Several smaller industrial countries also have floating exchange rates, most notably Australia, Canada, New Zealand, and Switzerland. In the aftermath of the European exchange rate crises of 1992–93, Finland, Italy, Norway, Sweden, and the United Kingdom have also adopted this arrangement. This decision does not imply that the level of the exchange rate is unimportant for these countries. In Canada, for example, the level of the exchange rate is clearly perceived as a key macroeconomic variable. Official intervention is used to moderate exchange rate movements (“leaning against the wind”), and the authorities take into account exchange rate movements in formulating and implementing monetary policy. However, while the behavior of the exchange rate may at times affect decisions regarding domestic policies, economic policy is not explicitly geared toward maintaining a particular value or range of values for the currency. The same approach generally applies to other countries with floating exchange rates.

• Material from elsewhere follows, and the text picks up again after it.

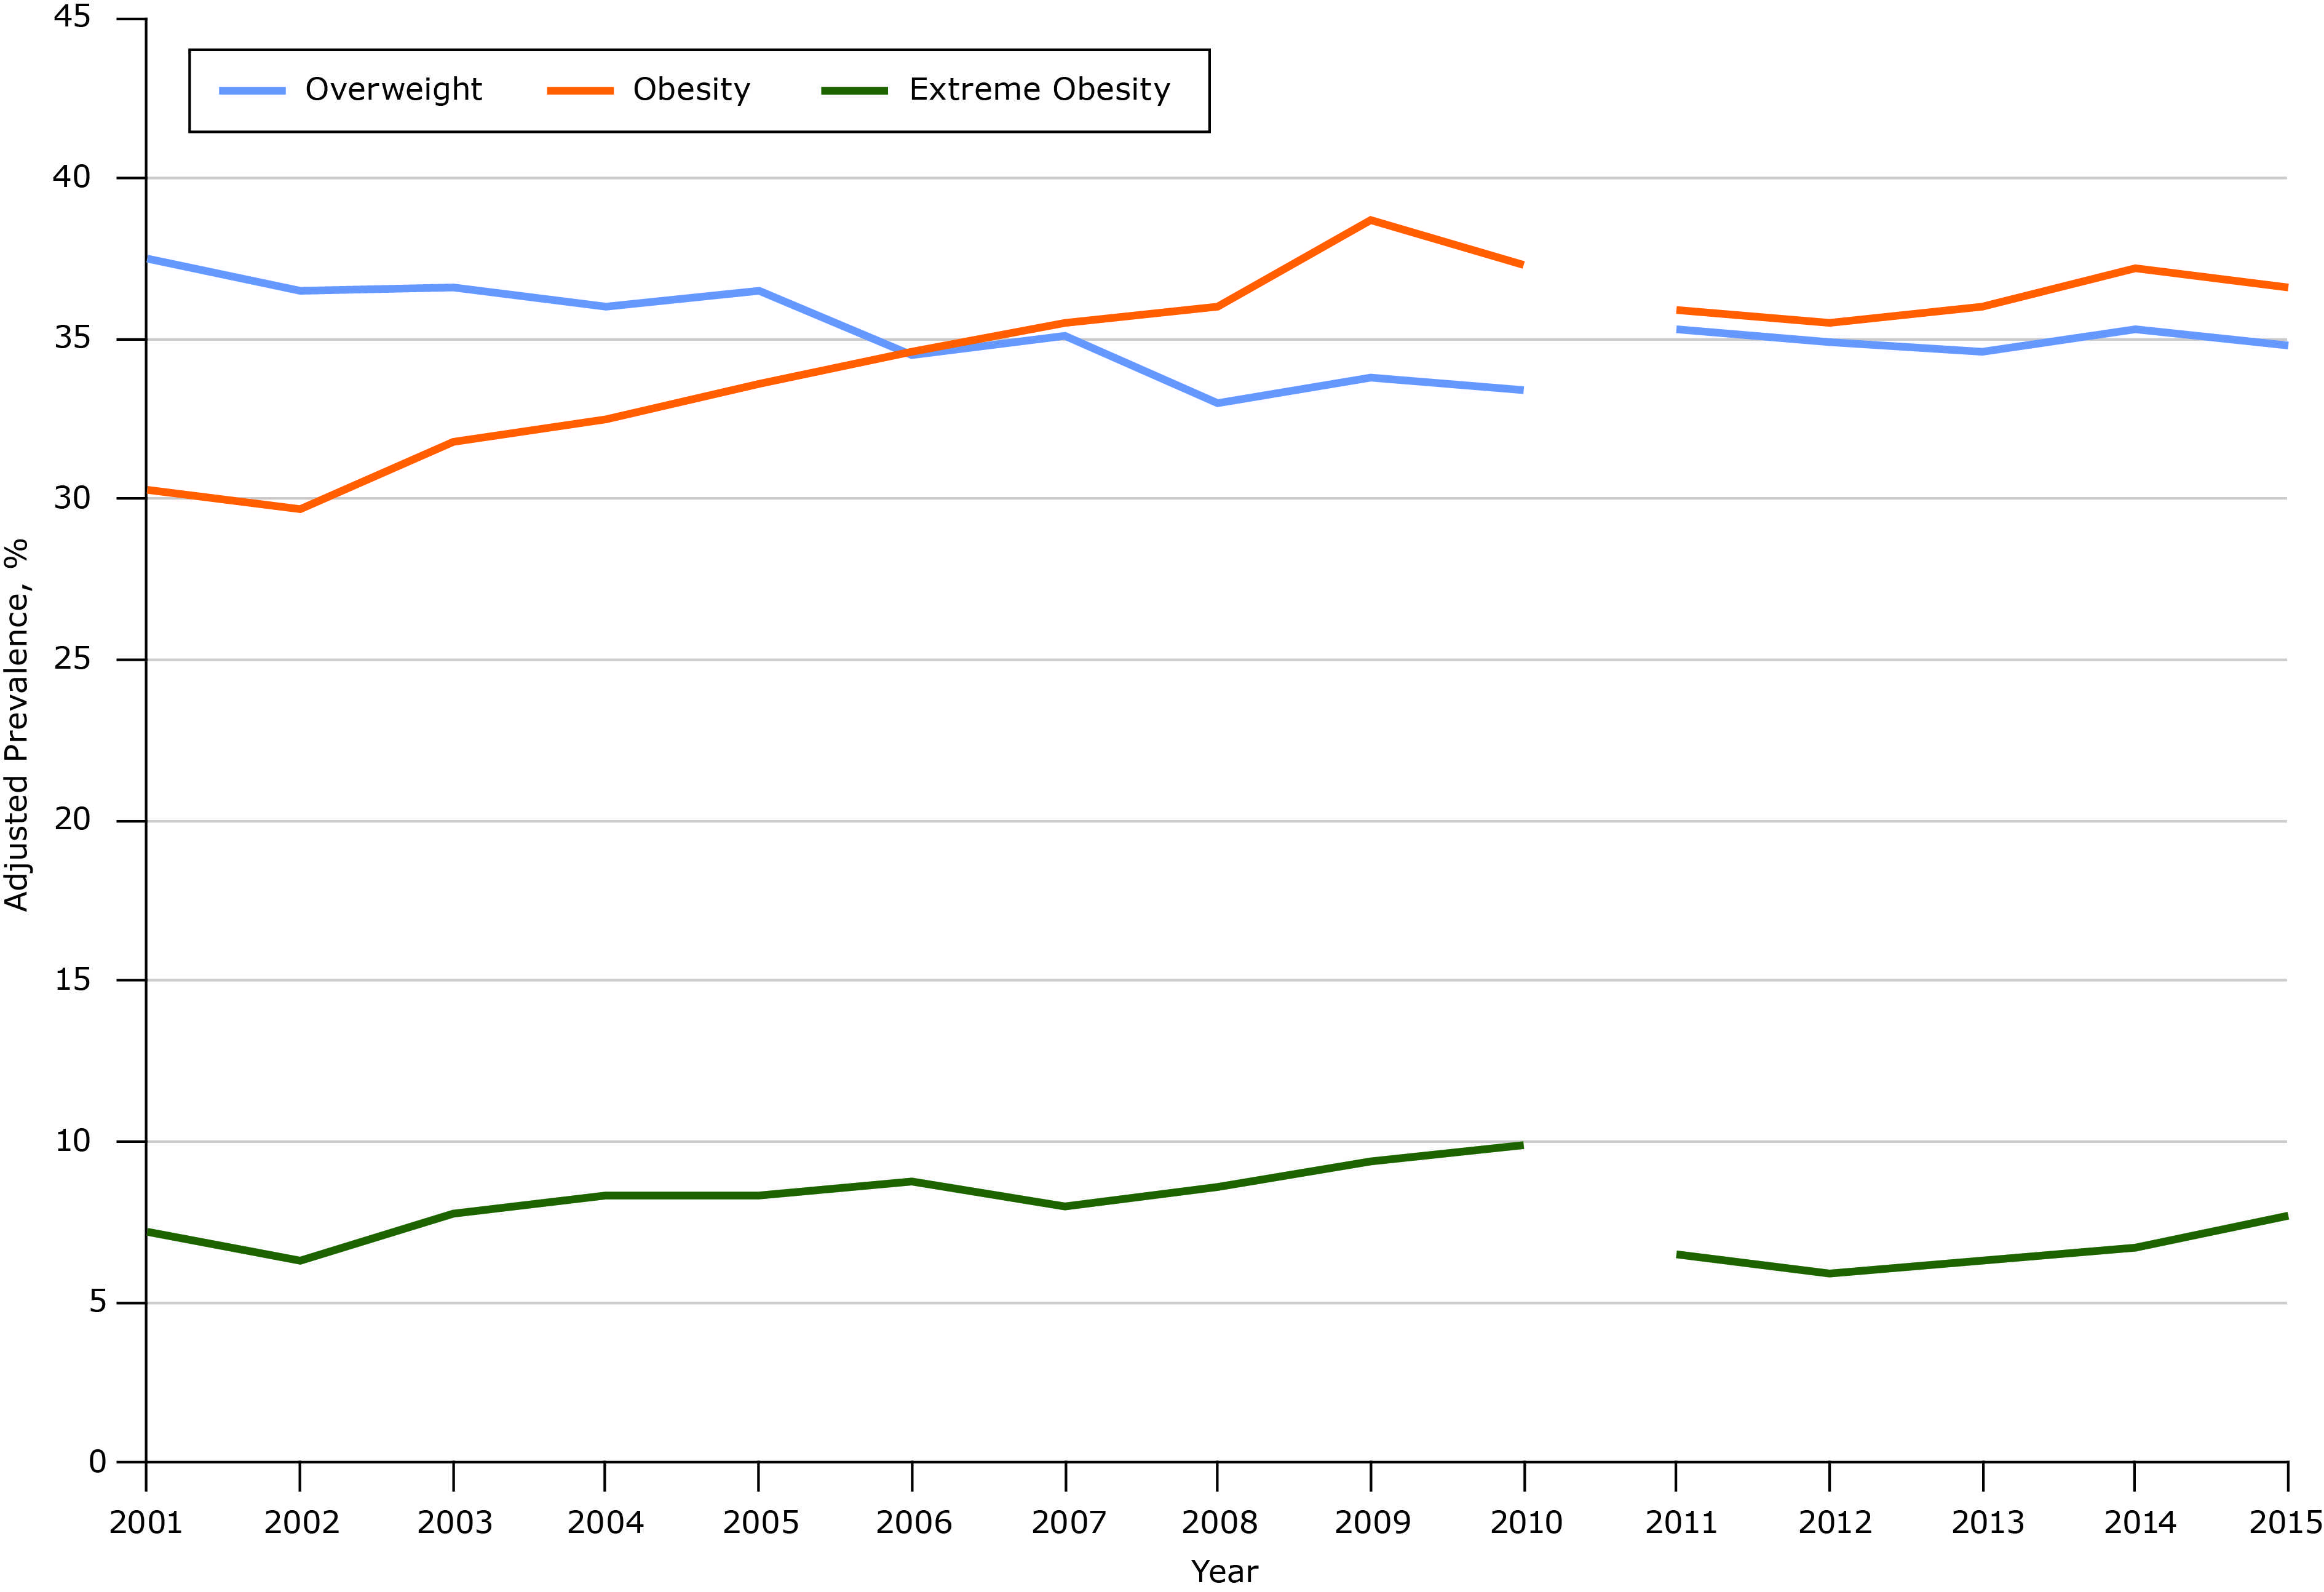 Overall trends in overweight, obesity, and extreme obesity prevalence among Mississippi adults, Behavioral Risk Factor Surveillance System, 2001–2010 and 2011–2015. Beginning in 2011, BRFSS data included landline and cellular telephone panels, and a new weighting method was implemented to improve accuracy (11). Survey analysts recommend not tracking trends across 2011 because of these changes.
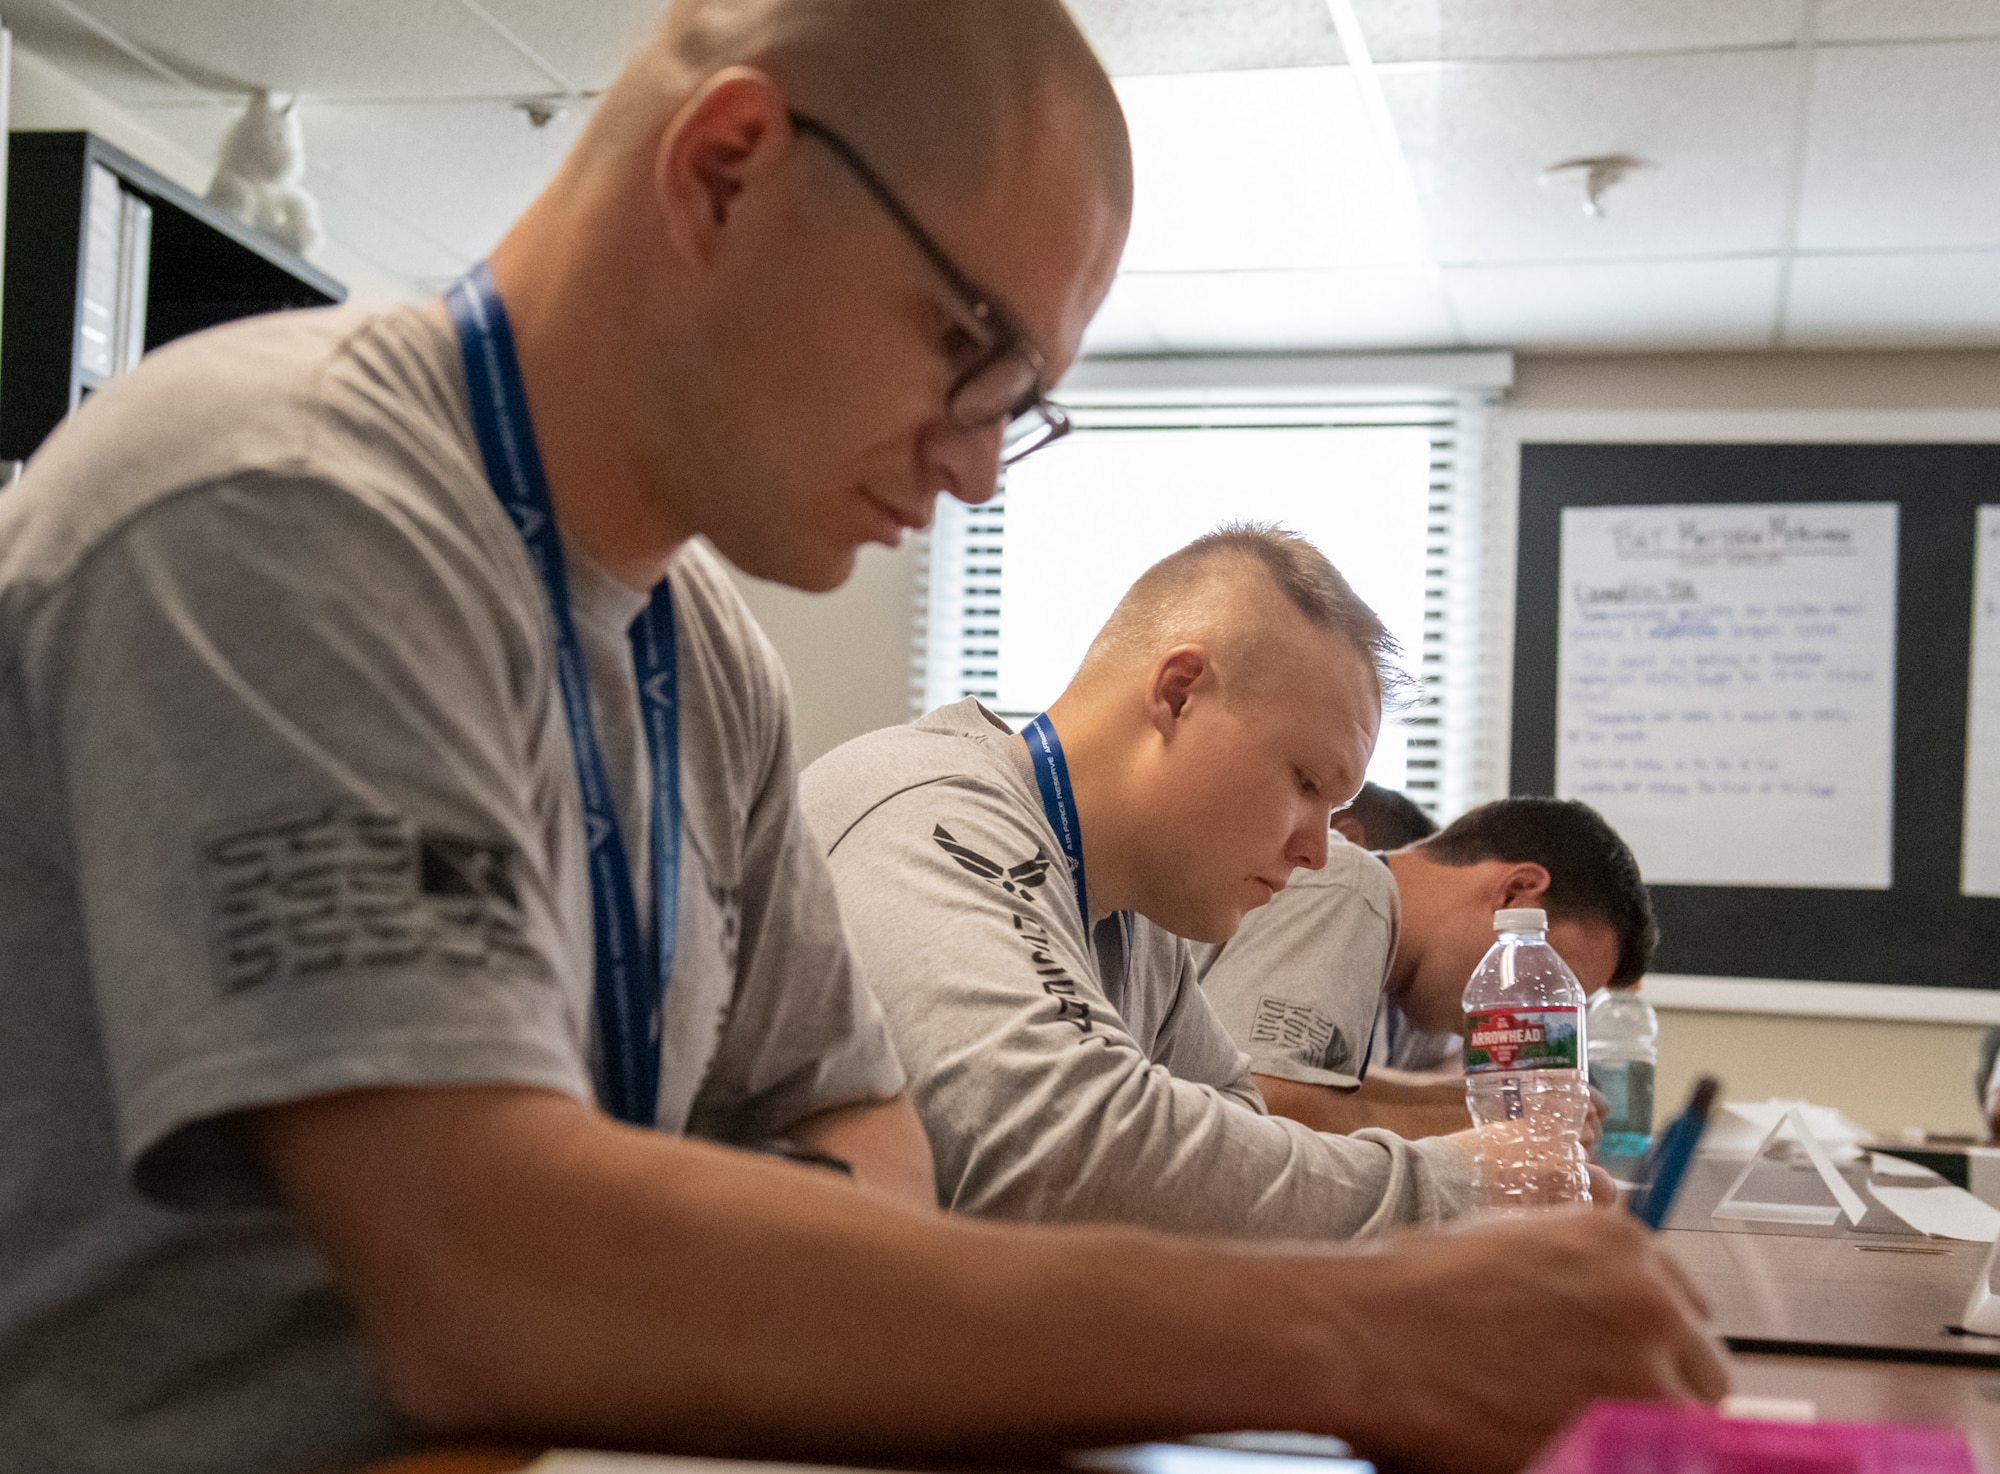 Trainees from the 419th Fighter Wing’s Development and Training Flight fill out forms to submit to their recruiters. Trainees maintain contact with their recruiters to ensure they are prepared for Basic Military Training. (U.S. Air Force photo by Senior Airman Kayla Ellis)

The most important regional arrangement for limiting exchange rate fluctuations is the ERM. When instituted in 1979, the ERM was seen largely as a method of reducing the volatility in exchange rates between European currencies following the breakdown of the Bretton Woods fixed exchange rate system. In the early 1980s, however, the focus switched to controlling inflation, with realignments becoming less frequent and smaller than the persistence of underlying inflation differentials would have warranted.11 Most recently, the ERM has been seen as an essential part of the movement toward economic integration of the EU. Membership in the ERM is one of the explicit conditions for entry into the European Monetary Union written into the Treaty on European Union, which was signed in February 1992.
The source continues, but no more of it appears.